__Exercise details__: The range runs from the line containing "The Iditarod Trail" through the last line of the material below; retype it exactly, leaving out the pictures.

* * *

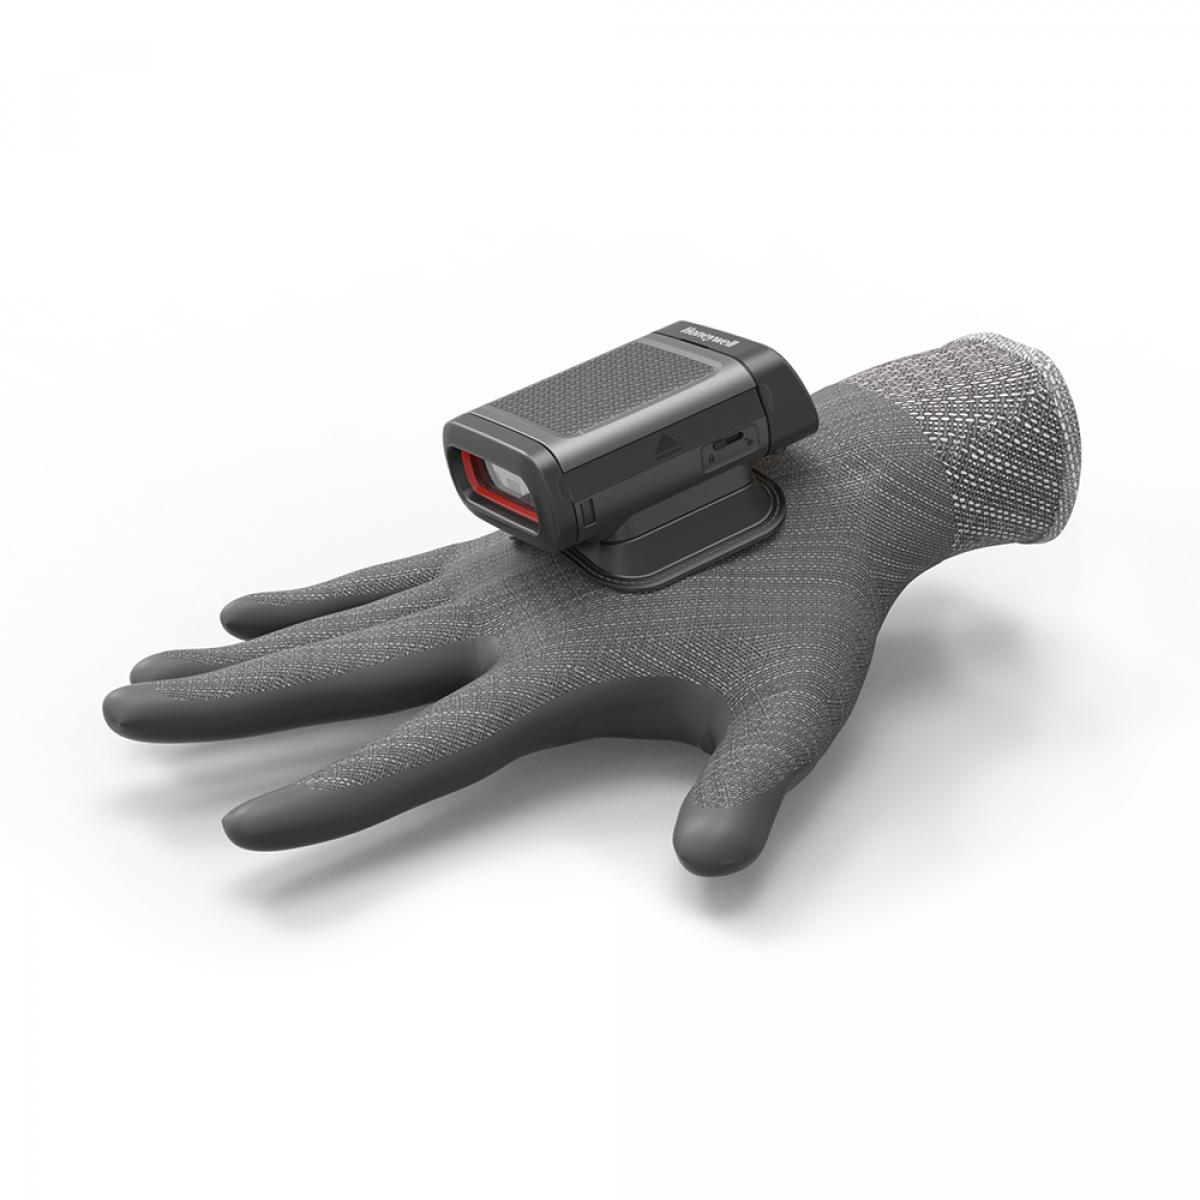 Wearable glove mount for-Honeywell 8680i ring scanner
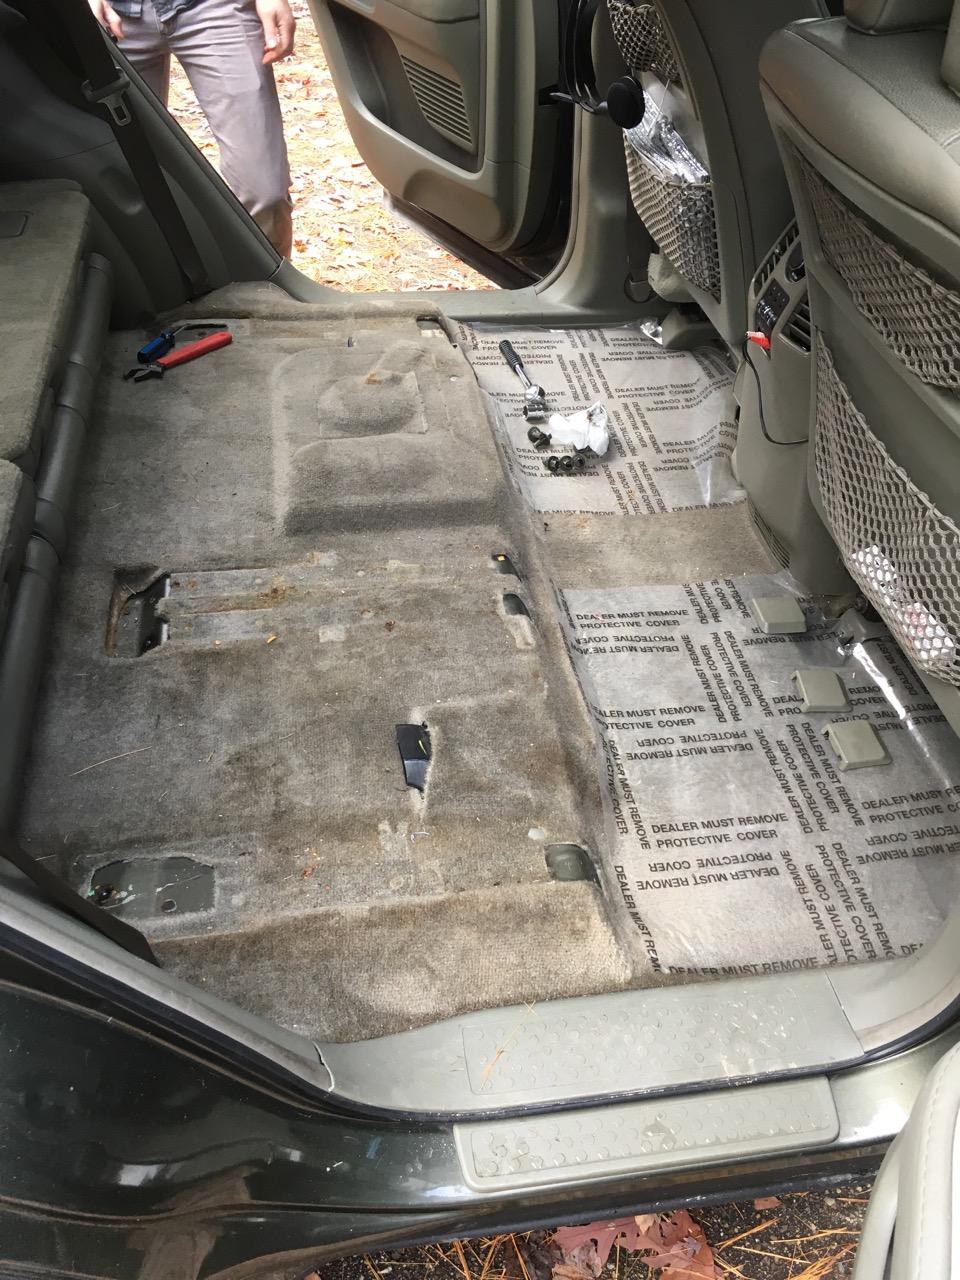 Removing second row seats? - Page 2 - Honda Pilot - Honda Pilot Forums
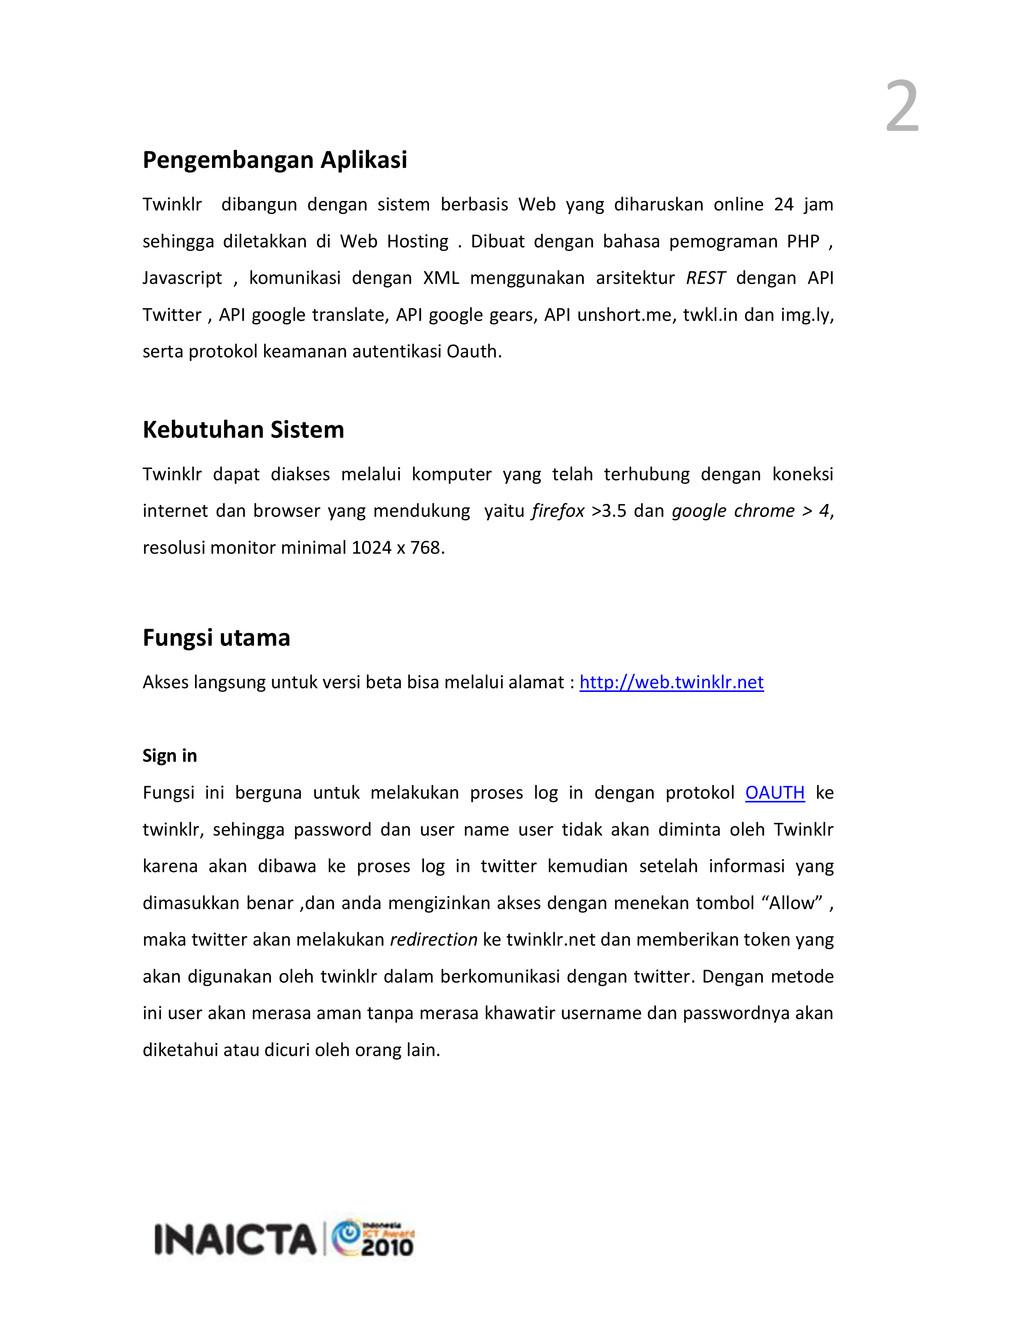 2 Pengembangan Aplikasi Twinklr dibangun dengan...
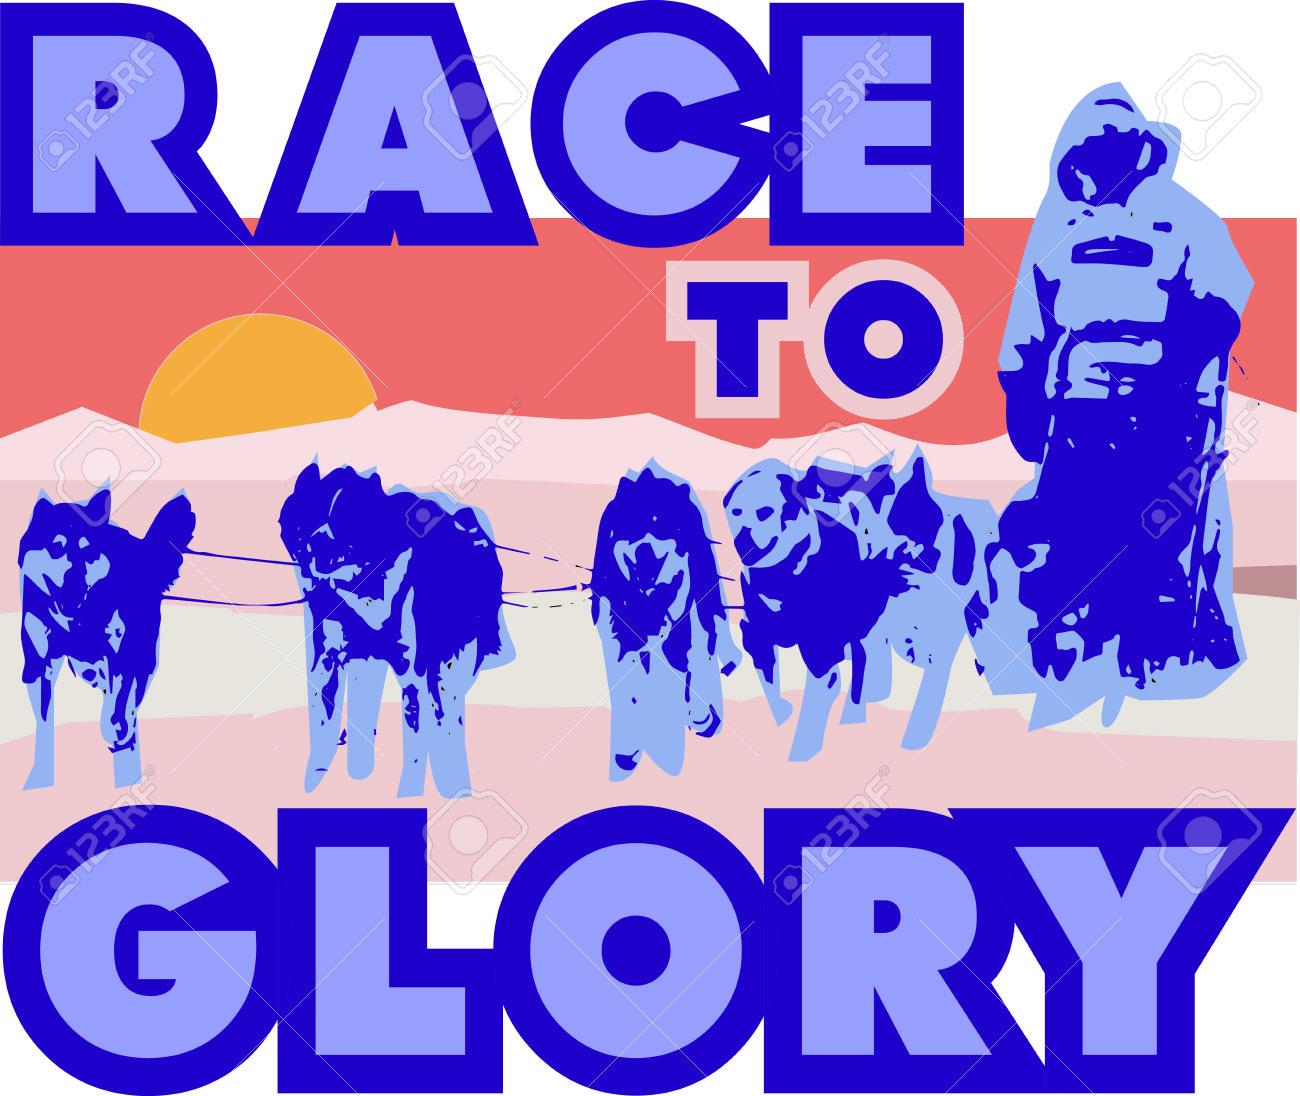 The Iditarod Trail Is The World's Longest Winter Ultra Marathon.
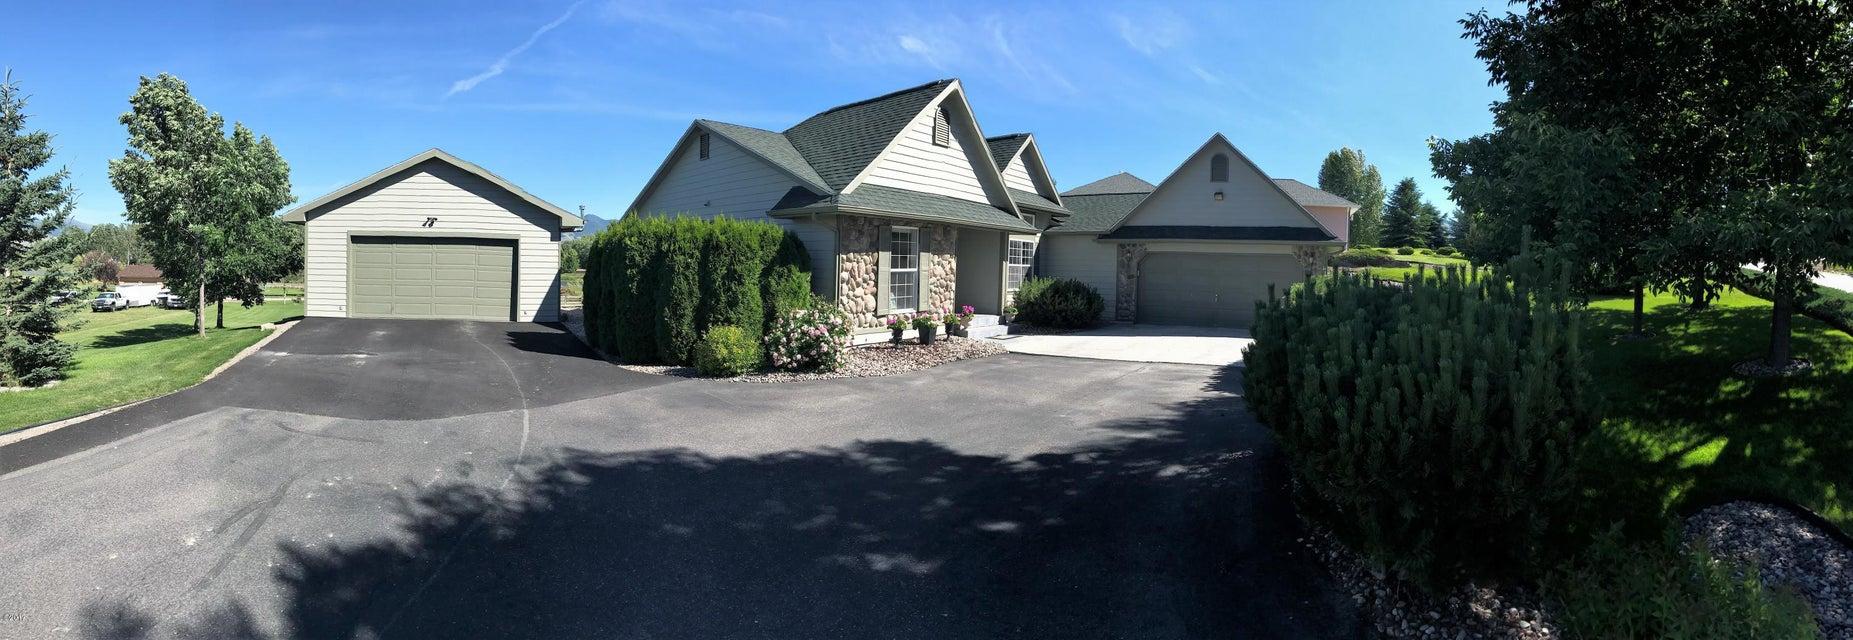 2781 Grassland Drive, Missoula, MT 59808

* * *

__Task output__:
 The Iditarod Trail Is The World's Longest Winter Ultra Marathon.
 2781 Grassland Drive, Missoula, MT 59808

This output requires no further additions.